Let's visualize the controller's behavior over time to understand how it adapts to the changing error patterns.

In [None]:
# Calculate performance metrics
def analyze_results(results):
    proposed = results["proposed"]
    baseline = results["baseline"]
    
    # Count decisions and errors
    proposed_fusion_count = sum(1 for r in proposed if r["decision"] == "fusion")
    proposed_fission_count = sum(1 for r in proposed if r["decision"] == "fission")
    proposed_error_count = sum(1 for r in proposed if r["error"])
    
    baseline_fusion_count = sum(1 for r in baseline if r["decision"] == "fusion")
    baseline_fission_count = sum(1 for r in baseline if r["decision"] == "fission")

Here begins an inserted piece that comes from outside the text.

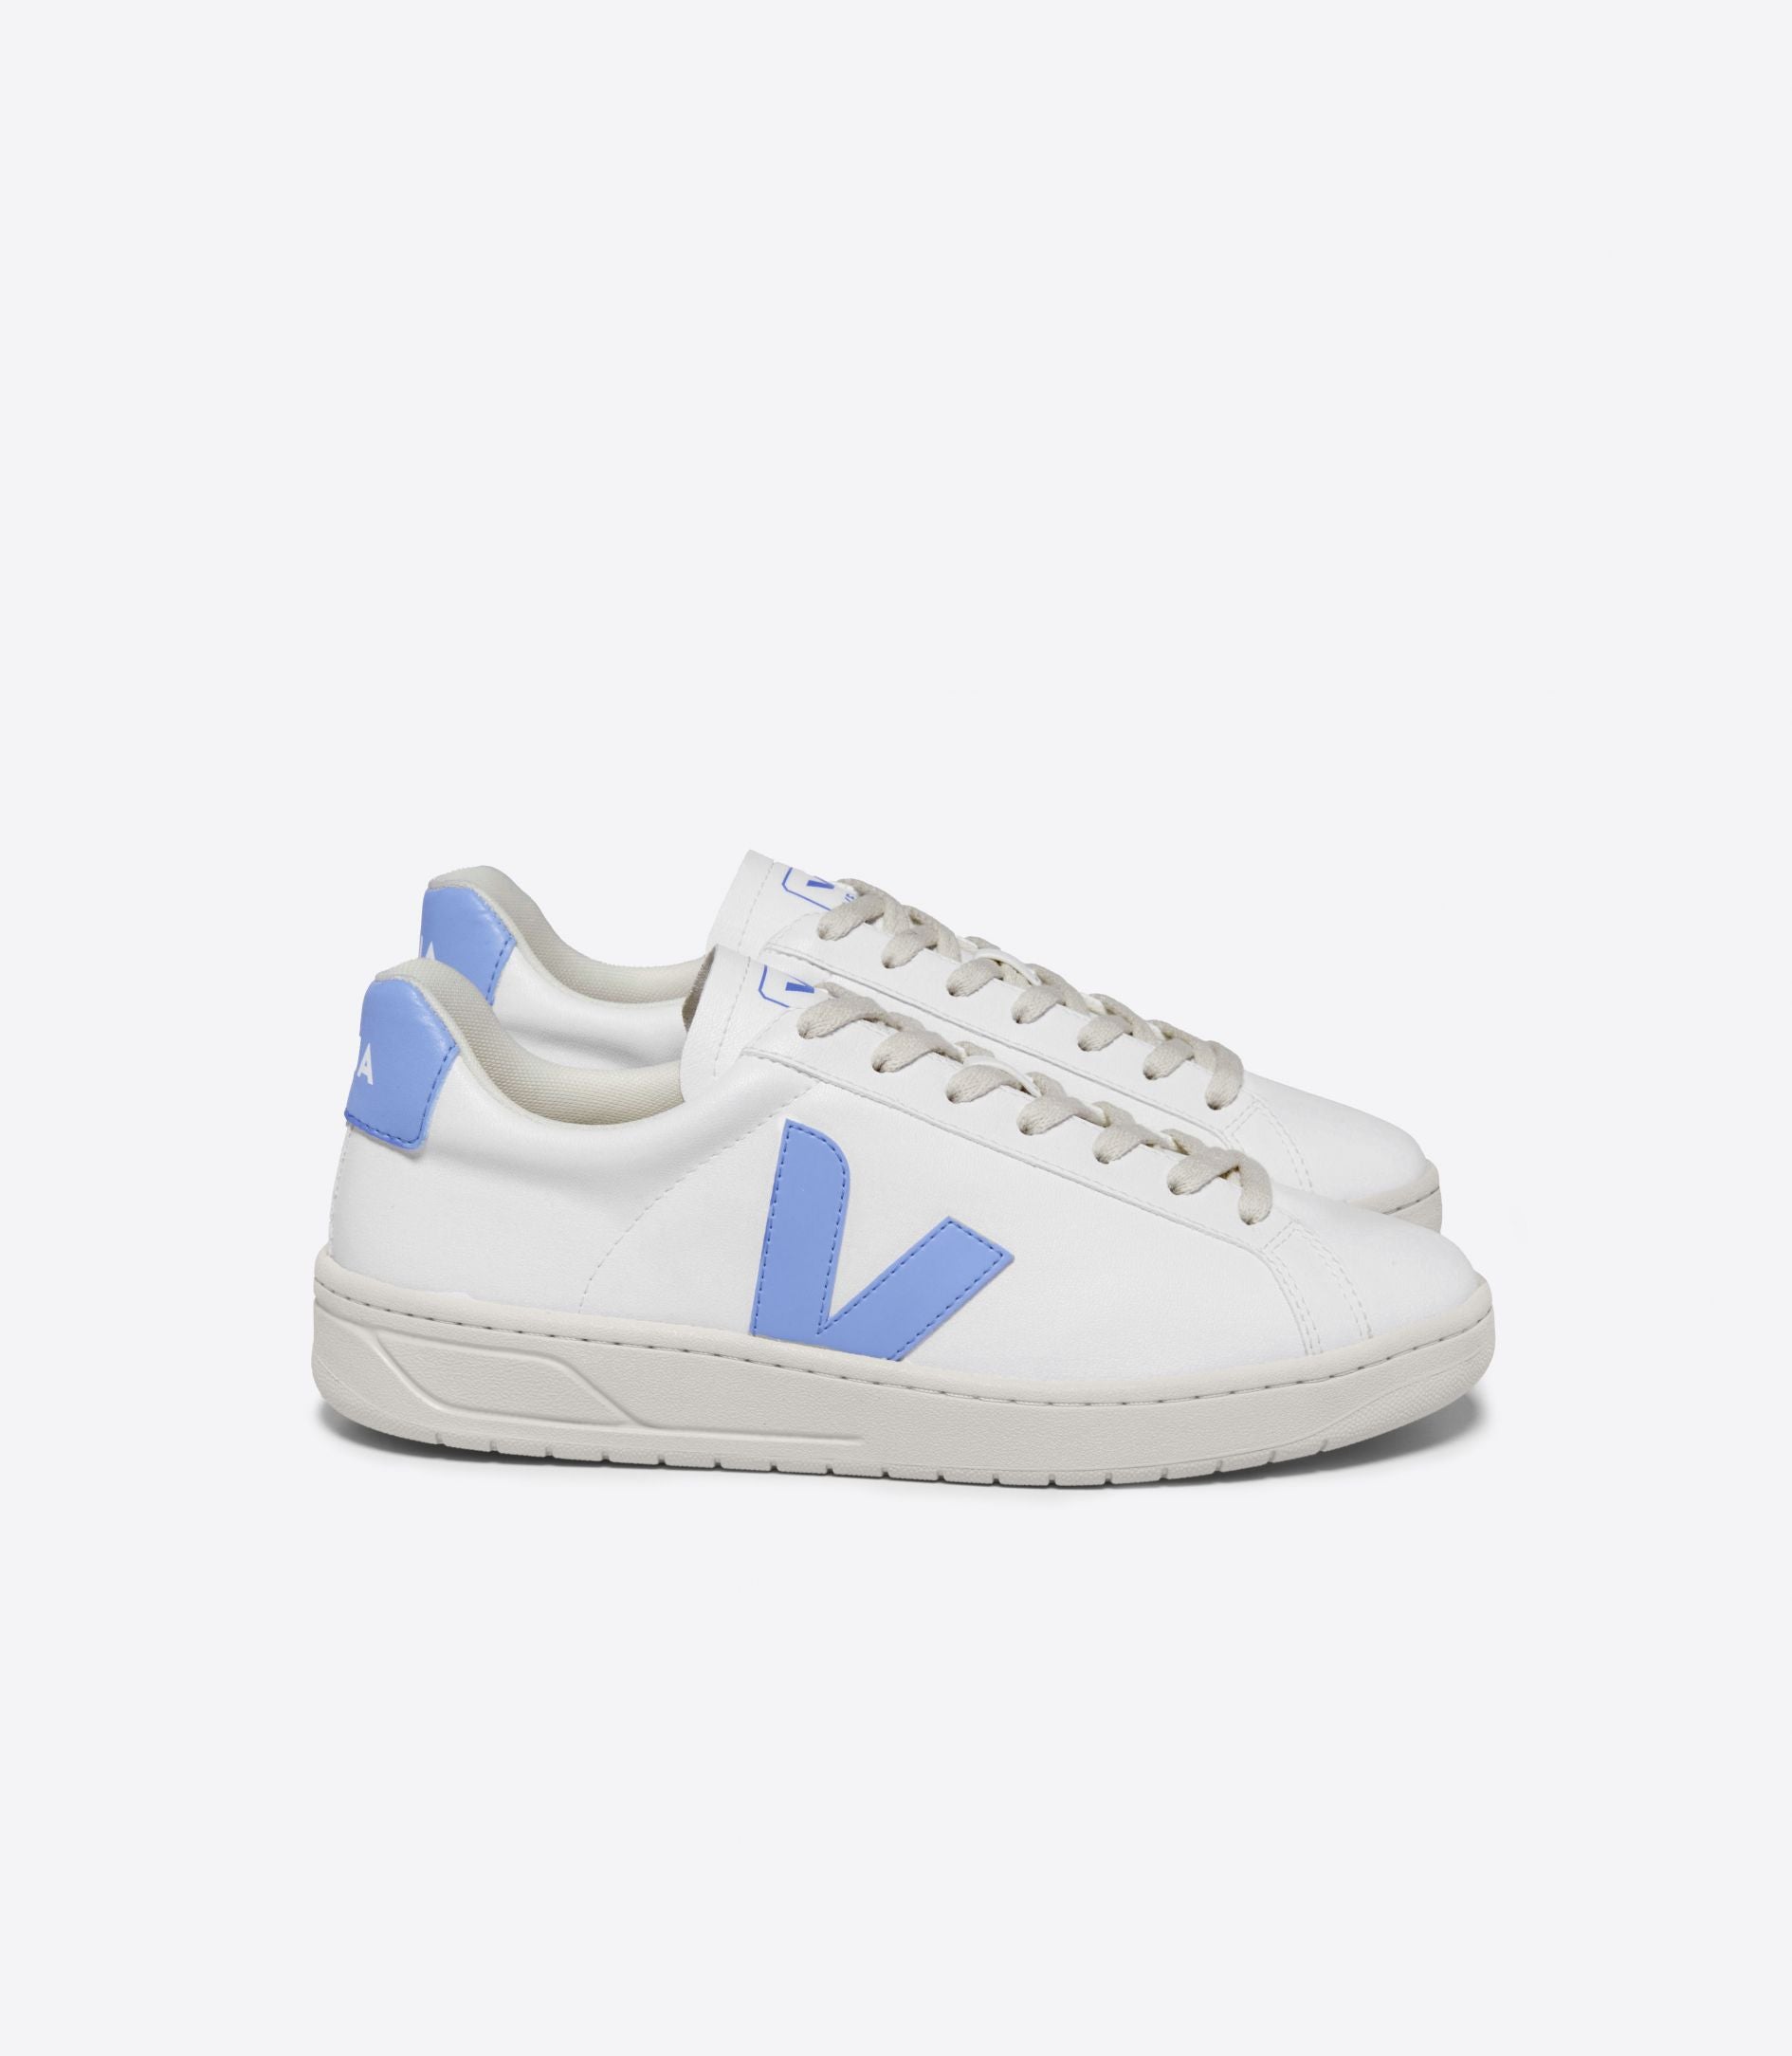 VEJA uses Brazilian and Peruvian organic cotton for the canvas and laces, Amazonian rubber for the soles, and various innovative materials conceived in recycled plastic bottles or recycled polyester.

    baseline_error_count = sum(1 for r in baseline if r["error"])
    
    total_examples = len(proposed)
    
    print("=== EXPERIMENT RESULTS ===")
    print(f"Total examples processed: {total_examples}")
    print()
    
    print("PROPOSED (DKW Controller):")
    print(f"  Fusion decisions: {proposed_fusion_count} ({proposed_fusion_count/total_examples:.1%})")
    print(f"  Fission decisions: {proposed_fission_count} ({proposed_fission_count/total_examples:.1%})")
    print(f"  Total errors: {proposed_error_count} ({proposed_error_count/total_examples:.3f} error rate)")
    print()
    
    print("BASELINE (Always Fission):")
    print(f"  Fusion decisions: {baseline_fusion_count} ({baseline_fusion_count/total_examples:.1%})")
    print(f"  Fission decisions: {baseline_fission_count} ({baseline_fission_count/total_examples:.1%})")
    print(f"  Total errors: {baseline_error_count} ({baseline_error_count/total_examples:.3f} error rate)")
    print()
    
    # Performance comparison
    fusion_advantage = proposed_fusion_count - baseline_fusion_count
    print(f"Performance advantage: {fusion_advantage} more fusion decisions")
    print(f"Error rate difference: {(proposed_error_count - baseline_error_count)/total_examples:.3f}")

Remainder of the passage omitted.